Presently, Vancouver currently has over 240 green rainwater infrastructure assets in its streets and many more in parks and other public spaces throughout the city. Examples of green rainwater infrastructure throughout the city include:

63rd and Yukon

This public plaza at West 63rd Avenue and Yukon Street uses a rain garden and a bioswale to manage urban rainwater runoff from adjacent streets. The plaza captures, retains, and treats urban rainwater runoff from more than 1,170 square meters of surrounding roads and sidewalks.

Quebec and 1st Ave

Along a new separated bike lane at Quebec and East 1st Avenue, urban rainwater runoff from the surrounding pavement is directed into underground trenches and bioswales for treatment, infiltration, and uptake by plants and street trees.

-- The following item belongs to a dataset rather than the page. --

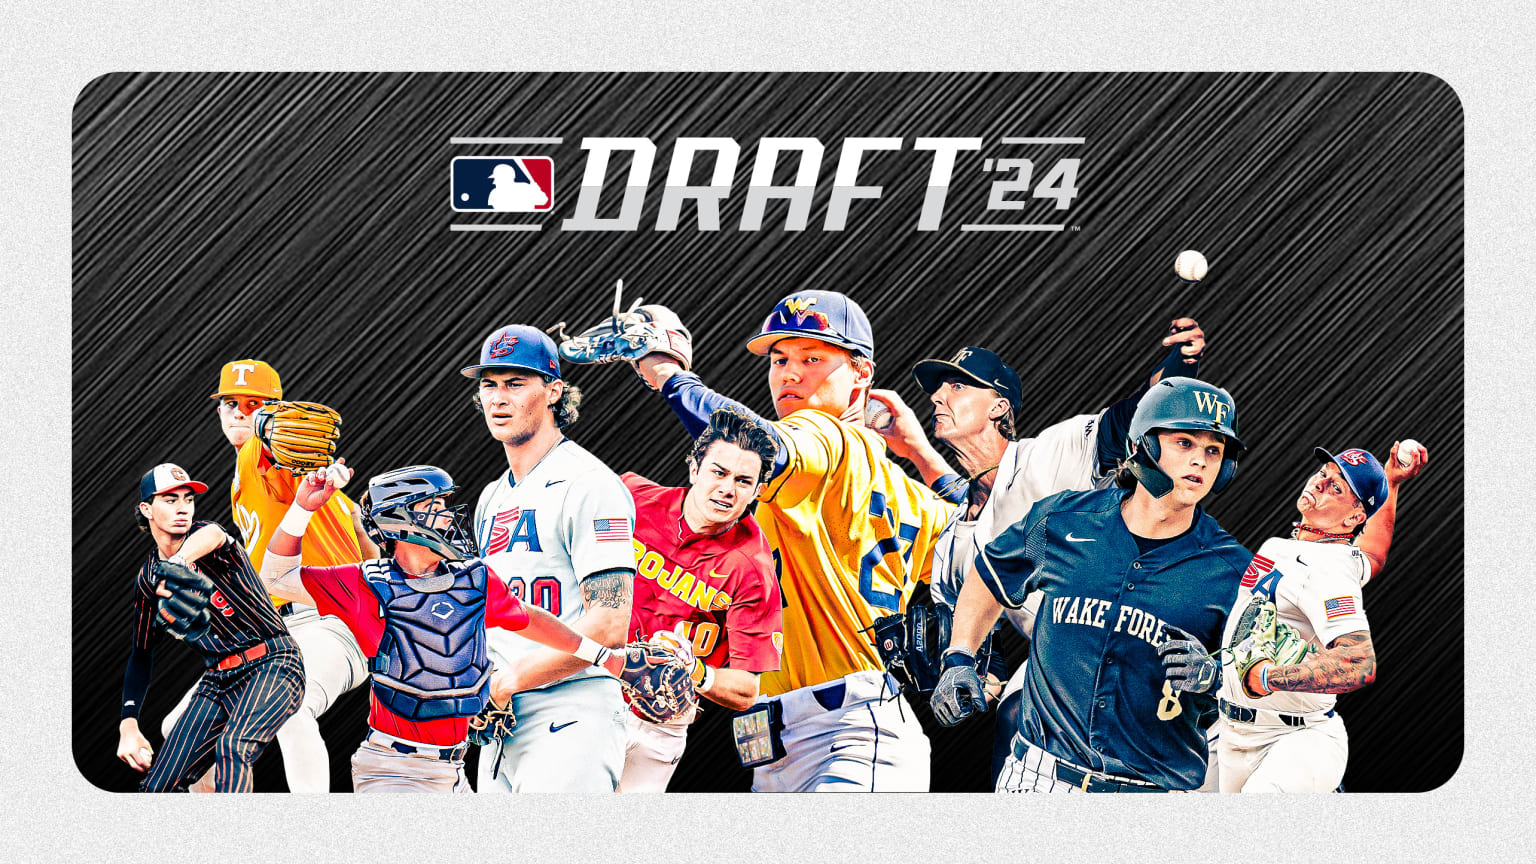 A photo illustration of 9 Draft prospects

Blue-green roof pilot at Helena Gutteridge Plaza at City Hall 

This recently-installed demonstration project at 10th Avenue and Yukon below City Hall is designed to help the city better understand the benefits of rainwater capture on four types of roofs: conventional, green, blue, and blue-green.

Wetland at Hinge Park in Southeast False Creek

This rainwater management feature in Hinge park manages 2/3 of the street rainwater runoff from the Olympic Village neighbourhood, while providing rich habitat and biodiversity within the park. Polluted urban rainwater runoff is filtered through the plants and ecology in the wetland to clean it before being discharged in to False Creek.

Rain City Strategy goals

Another key rain city strategy goal that the city has set is to better manage water accumulation during extreme rainfall to reduce flooding and improve water quality, moving toward the city’s overall goal of capturing and treating 90 per cent of Vancouver’s average annual rainfall.

The strategy also sets new design standards for green rainwater infrastructure practices, doubling the minimum volume of rainwater managed through green rainwater infrastructure from 24mm per day to 48mm per day and establishing a target to manage rainwater volume and water quality for 40% of Vancouver’s impervious areas by 2050.

The Rain City Strategy supports Vancouver’s new One Water approach.